Arts and Culture

A Special Joy

Faith & Thought

I don’t know how many years I have been reading David Brooks’ column in the New York Times. My guess is that it has been close to five years. I also watch Brooks every Friday evening on the PBS News Hour as he discusses the week’s events with syndicated columnist Mark Shields. His comments are almost always illuminating.

A few years ago, I read his book “The Road to Character”, and devoted several columns to commenting on the book. I even persuaded David to meet with a group of priests to discuss the book. Obviously I am a fan.

Brooks’ columns, often dealing with what I would describe as “philosophical questions,” seem unique because of Brooks’ interests. As soon as his new book “The Second Mountain: The Quest for a Moral Life” (New York: Random House, 2019, $28.00, pp. 346) appeared I obtained a copy and read it. I am hoping that David will meet with the priests again. I think his new book is filled with interesting insights into the moral life.

The following are the opening lines of “The Second Mountain”:

“Every once in a while, I meet a person who radiates joy. These are people who seem to glow with an inner light. They are kind, tranquil, delighted by small pleasures, and grateful for the large ones. These people are not perfect. They get exhausted and stressed. They make errors in judgment. But they live for others, and not for themselves They’ve made commitments to family, a cause, a community, or a faith.”(p. xi)

These are the people who, in Brooks’ opinion, have found their deepest selves through ascending the second mountain. The first mountain is the one people thought they should climb to achieve success, to make their mark, to find personal happiness. Those who find that success on the first mountain does not provide the deep joy for which they hunger, can look elsewhere for a deeper fulfillment. Brooks thinks some find it through a life commitment to what is bigger than themselves. They move from self-centered to other centered, from independence to interdependence. In his stimulating and provocative book, David discusses life commitment in detail.

Brooks divides his book into five parts. In the first part, he explains what he means by the two mountains. The other four parts are detailed discussions of vocation, marriage, philosophy and faith and community. Early in his book he discusses different levels of joy, using data given to him by people who talked about their experience.

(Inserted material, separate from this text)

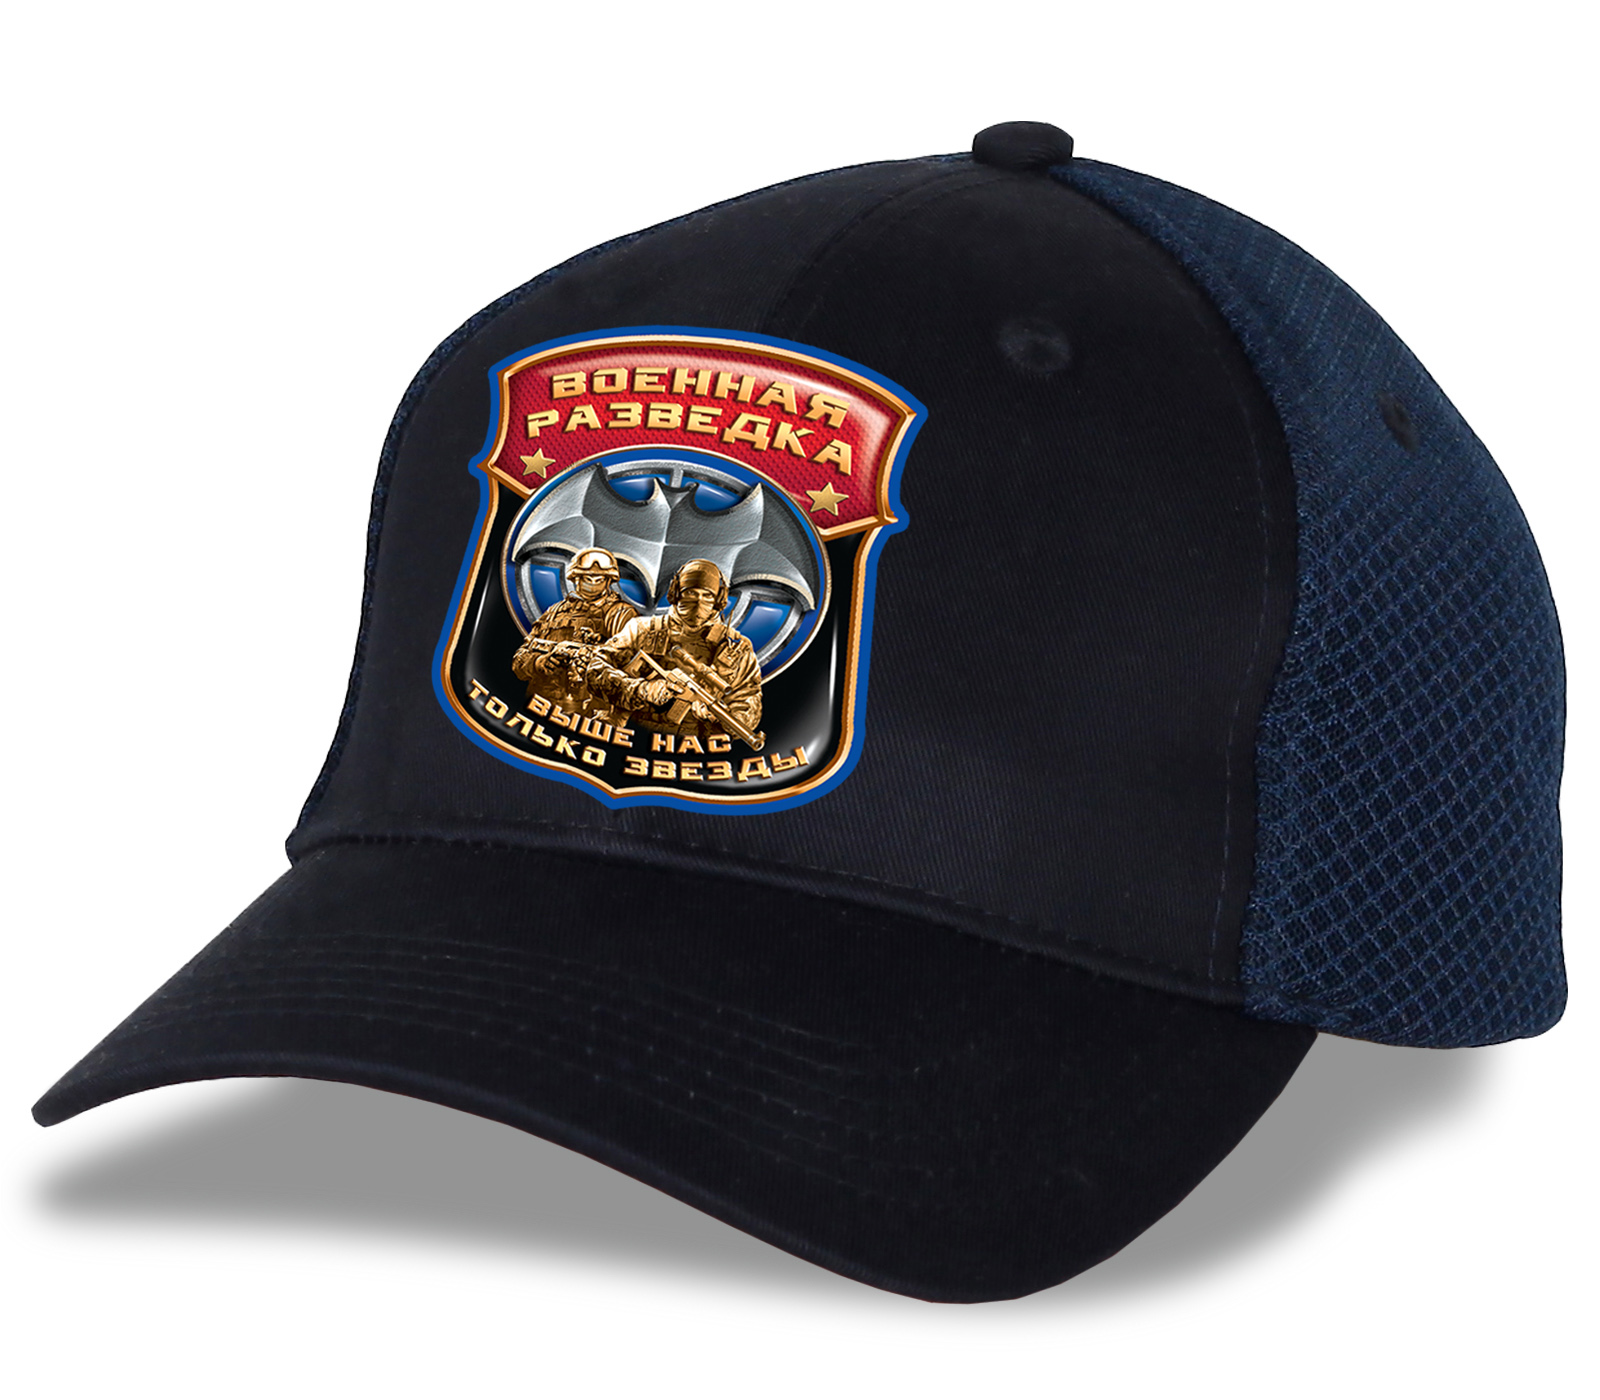 Качественная кепка с эмблемой Военной разведки - продуманный головной убор для тех, кто в теме №тр807

What especially interested me was what Brooks calls spiritual joy and what he calls moral joy. He describes spiritual joy as arising from contact with some reality that seems boundless. About moral joy Brooks writes the following:

“I say this is the highest form of joy in part because this is the kind that even the skeptics can’t explain away. The skeptics could say that all those other kinds of passing joy are just brain chemicals in some weird formation that happened to have kicked in to produce odd sensations. But moral joy has an extra feature. It can become permanent. Some people live joyfully day by day. Their daily actions are aligned with their ultimate commitments. They have given themselves away, united and wholeheartedly. They are so grateful to have found their place and taken their stand. They have the inner light.

“Pope Francis seems to have this…

“The people who radiate a permanent joy have given themselves over to lives of deep and loving commitment. Giving has become their nature, and little by little they have made their souls incandescent. There’s always something flowing out of the interiority of our spirit. For some people it’s mostly fear or insecurity. For the people we call joyful, it’s mostly gratitude, delight, and kindness.” (pp. xxx-xxxi)

What Brooks has identified as moral joy is the type of joy that followers of Christ should have. This does not mean that Christians won’t have disappointments in their lives or even experience great suffering in their lives. It does mean that they experience deeply that they have been redeemed and that God has and is embracing them. Indeed that God’s love extends out to all people and an awareness of God’s presence in everyone’s life can cause a deep joy in the hearts of believers. Like David Brooks, I believe I have met people who have that joy. They are extremely attractive people. I want to be like them. I suspect that even as she was experiencing the dark night of the soul and felt no consolation from God, Saint Teresa of Calcutta had this profound joy that coexisted with her feelings that God was distant.

To have our daily lives align with our life commitments is a wonderful ideal. Christians should try to achieve that ideal.


Father Lauder presents two 15-minute talks from his lecture series on the Catholic Novel, Tuesdays at 9 p.m. on NET-TV.